For fifty-six years Rome and the shorn city of Carthage were at peace.
And meanwhile Rome spread her empire over confused and divided Greece,
invaded Asia Minor, and defeated Antiochus III, the Seleucid monarch,
at Magnesia in Lydia. She made Egypt, still under the Ptolemies, and
Pergamum and most of the small states of Asia Minor into “Allies,” or,
as we should call them now, “protected states.”
Meanwhile Carthage, subjugated and enfeebled, had been slowly regaining
something of her former prosperity. Her recovery revived the hate and
suspicion of the Romans. She was attacked upon the most shallow and
artificial of quarrels (149 B.C.), she made an obstinate and bitter
resistance, stood a long siege and was stormed (146 B.C.). The street
fighting, or massacre, lasted six days; it was extraordinarily bloody,
and when the citadel capitulated only about fifty thousand of the
Carthaginian population remained alive out of a quarter of a million.
They were sold into slavery, and the city was burnt and elaborately
destroyed. The blackened ruins were ploughed and sown as a sort of
ceremonial effacement.
Map: The Extent of the Roman Power & its Alliances about 150 B.C.

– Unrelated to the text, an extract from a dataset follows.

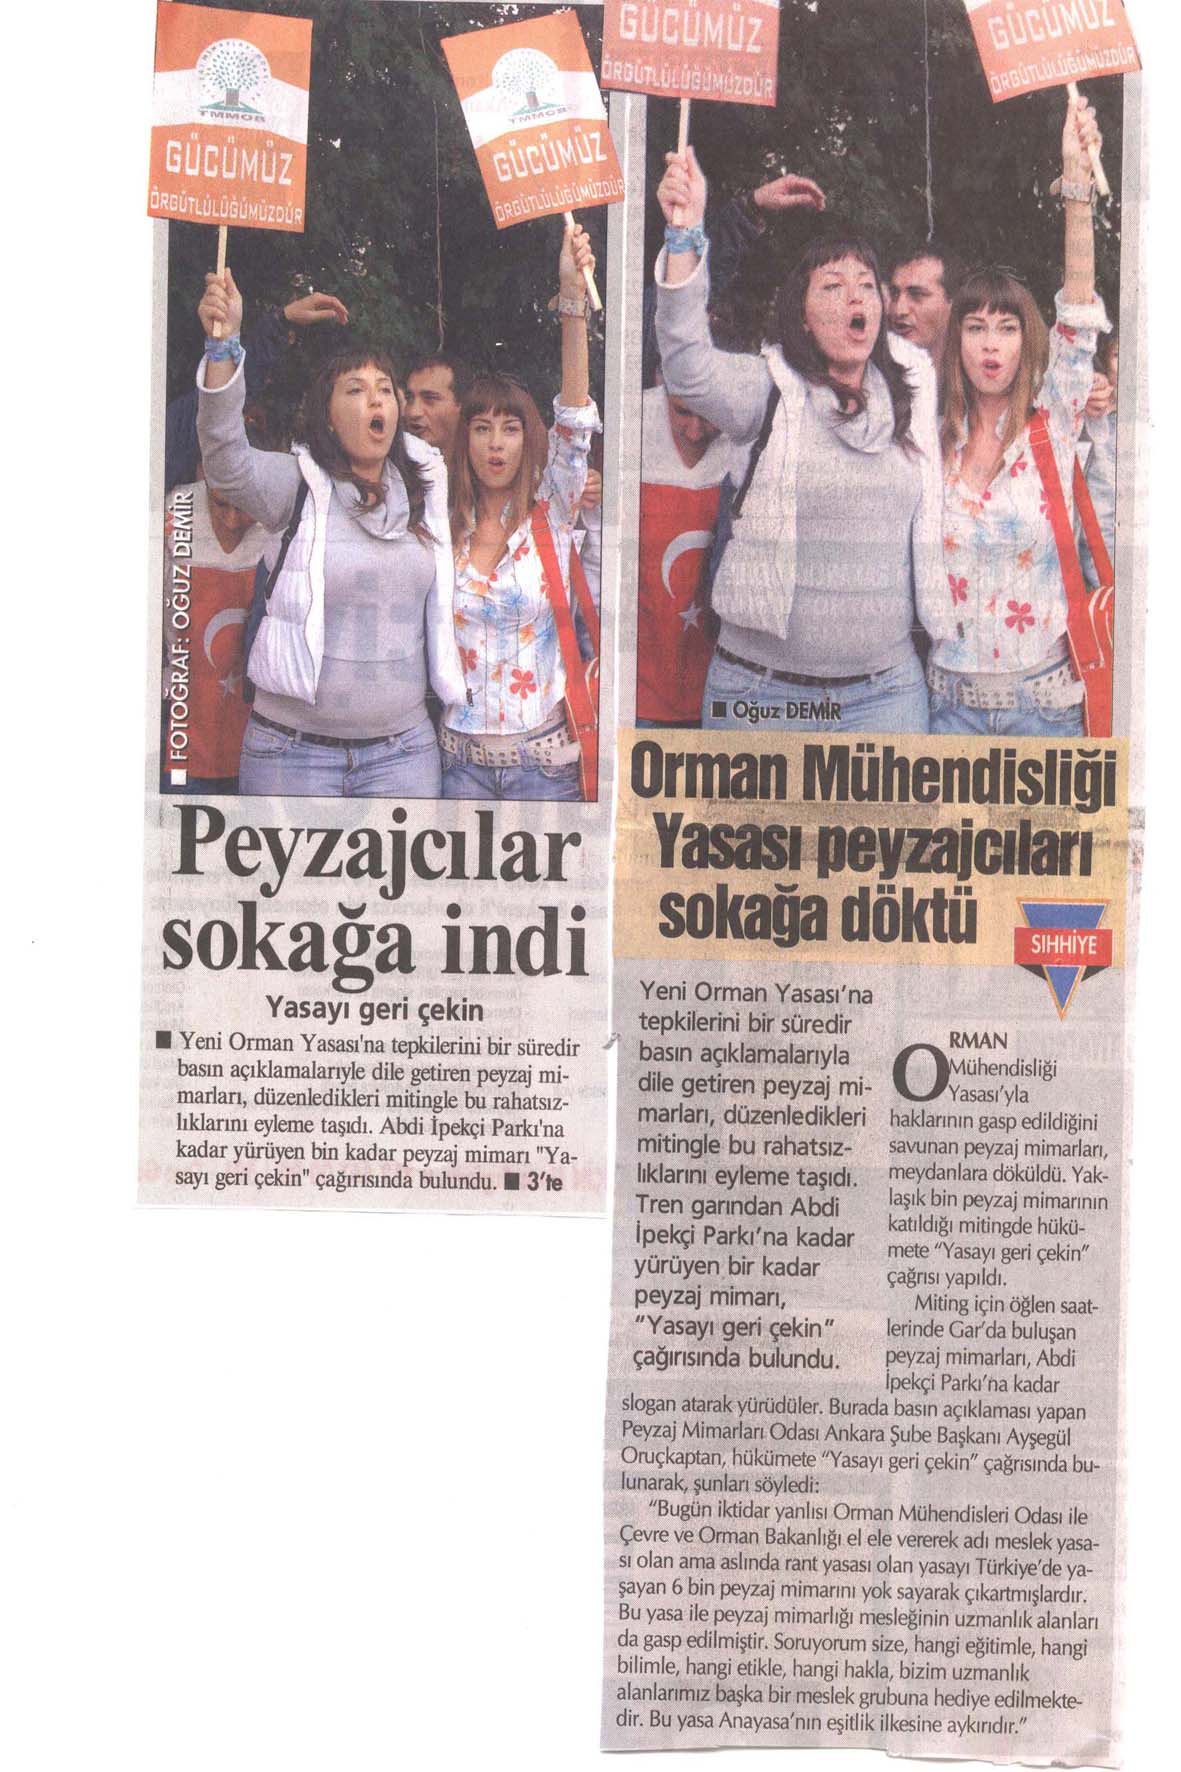 ORMAN MÜHENDİSLERİ YASASI PEYZAJCILARI SOKAĞA DÖKTÜ
HÜRRİYET-ANKARA 02.10.2006

So ended the Third Punic War. Of all the Semitic states and cities
that had flourished in the world five centuries before only one little
country remained free under native rulers. This was Judea, which had
liberated itself from the Seleucids and was under the rule of the
native Maccabean princes. By this time it had its Bible almost
complete, and was developing the distinctive traditions of the Jewish
world as we know it now. It was natural that the Carthaginians,
Phoenicians and kindred peoples dispersed about the world should find a
common link in their practically identical language and in this
literature of hope and courage. To a large extent they were still the
traders and bankers of the world. The Semitic world had been submerged
rather than replaced.
Jerusalem, which has always been rather the symbol than the centre of
Judaism, was taken by the Romans in 65 B.C.; and after various
vicissitudes of quasi- independence and revolt was besieged by them in
70 A.D. and captured after a stubborn struggle. The Temple was
destroyed. A later rebellion in 132 A.D. completed its destruction,
and the Jerusalem we know to-day was rebuilt later under Roman
auspices. A temple to the Roman god, Jupiter Capitolinus, stood in the
place of the Temple, and Jews were forbidden to inhabit the city.